5-6 portobello mushrooms, sliced in thick strips
1 t ground cumin
1/2 t ground coriander
3 T olive oil
Combine cumin, coriander, 2 t. salt and pepper (to taste). Rub mushrooms with 2 T olive oil and spice mixture. Let marinade for 1 hour (overnight is better).
1 red bell pepper, thinly sliced (ribs and seeds removed)

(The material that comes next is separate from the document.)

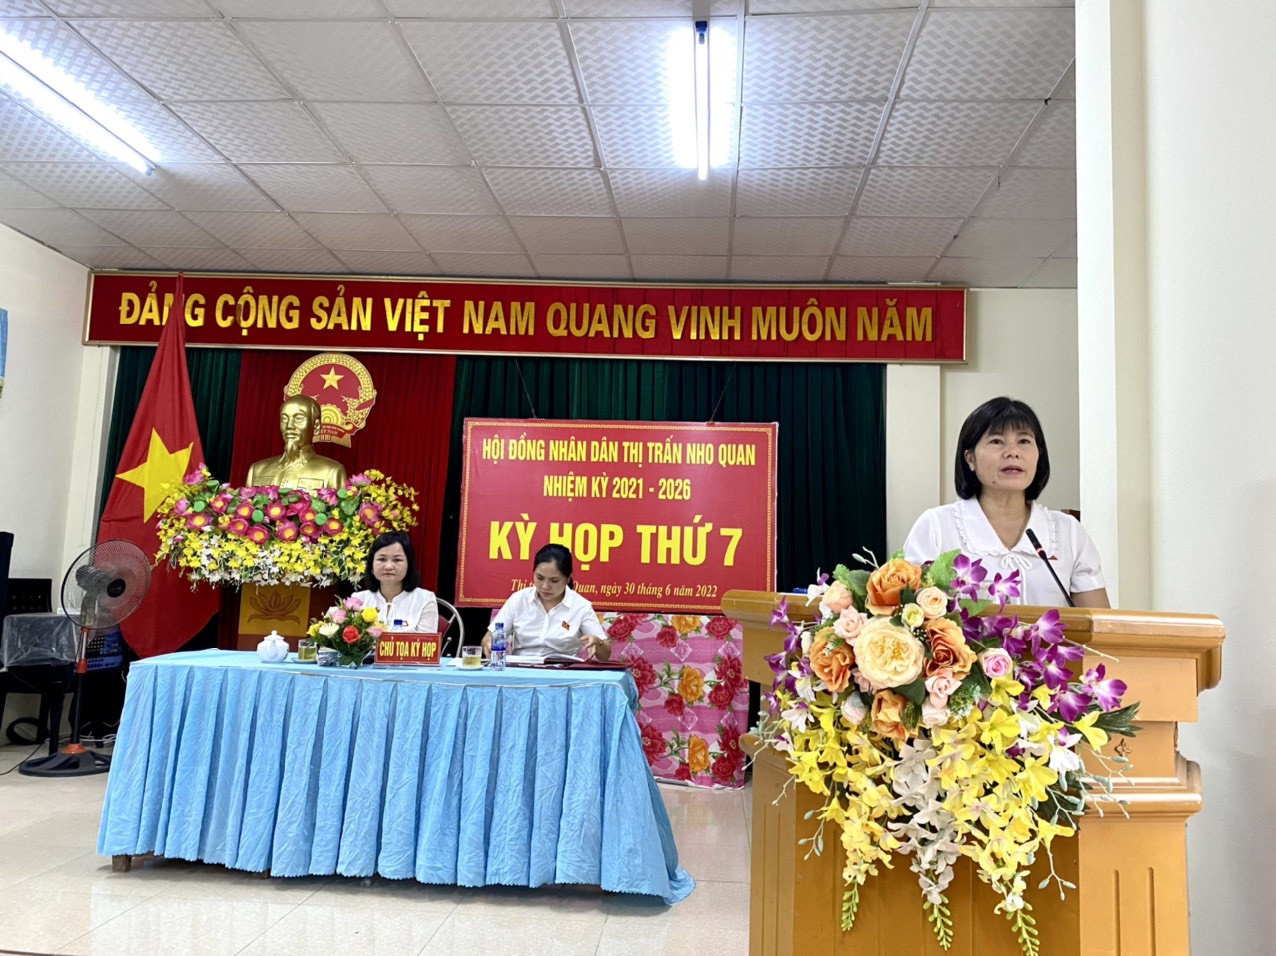 Kỳ họp thứ 7 HĐND thị trấn Nho Quan, nhiệm kỳ 2021 - 2026.

1 red onion, thinly sliced
2 jalapeno pepper, thinly sliced
2 T fresh lime juice
Season peppers and onions with 1 t salt, pepper (to taste) and lime juice. Let marinade for 1 hour or until peppers soften a bit.
8 corn tortillas (recipe below)
Sour cream (recipe below)
Serve mushrooms and pepper mixture with corn tortillas, cashew sour cream and lime wedges.
4 c fresh corn kernels, from sweet corn on the cob
1 yellow bell pepper, chopped
1 c golden flax seeds, finely ground
1 t sea salt
Chop corn and bell pepper in a food processor. Add remaining ingredients and process until smooth.
Take a spoon and spread the corn mixture on the teflex-lined dehydrator trays in tortillas circles. Make the tortillas as big or as small as you want. I usually make them about 5-inch around.
Dehydrate at 110 degrees for about 5 hours. Flip the teflex sheet over onto the tray and carefully pull away from tortillas. Dehydrate for another 3 hours until tortilla is completely dry on both sides but still pliable.
I also use this recipe for tostadas. I just leave the tortillas in the dehydrator until they have the crispiness of tostadas (about 6-8 hours).
½ c macadamia nuts
juice of one lemon
1 clove garlic, minced
¼ t sea salt
6-7 T water
Blend macadamia nuts, lemon juice, garlic and salt. Add 1 tablespoon water at a time to create a smooth consistency.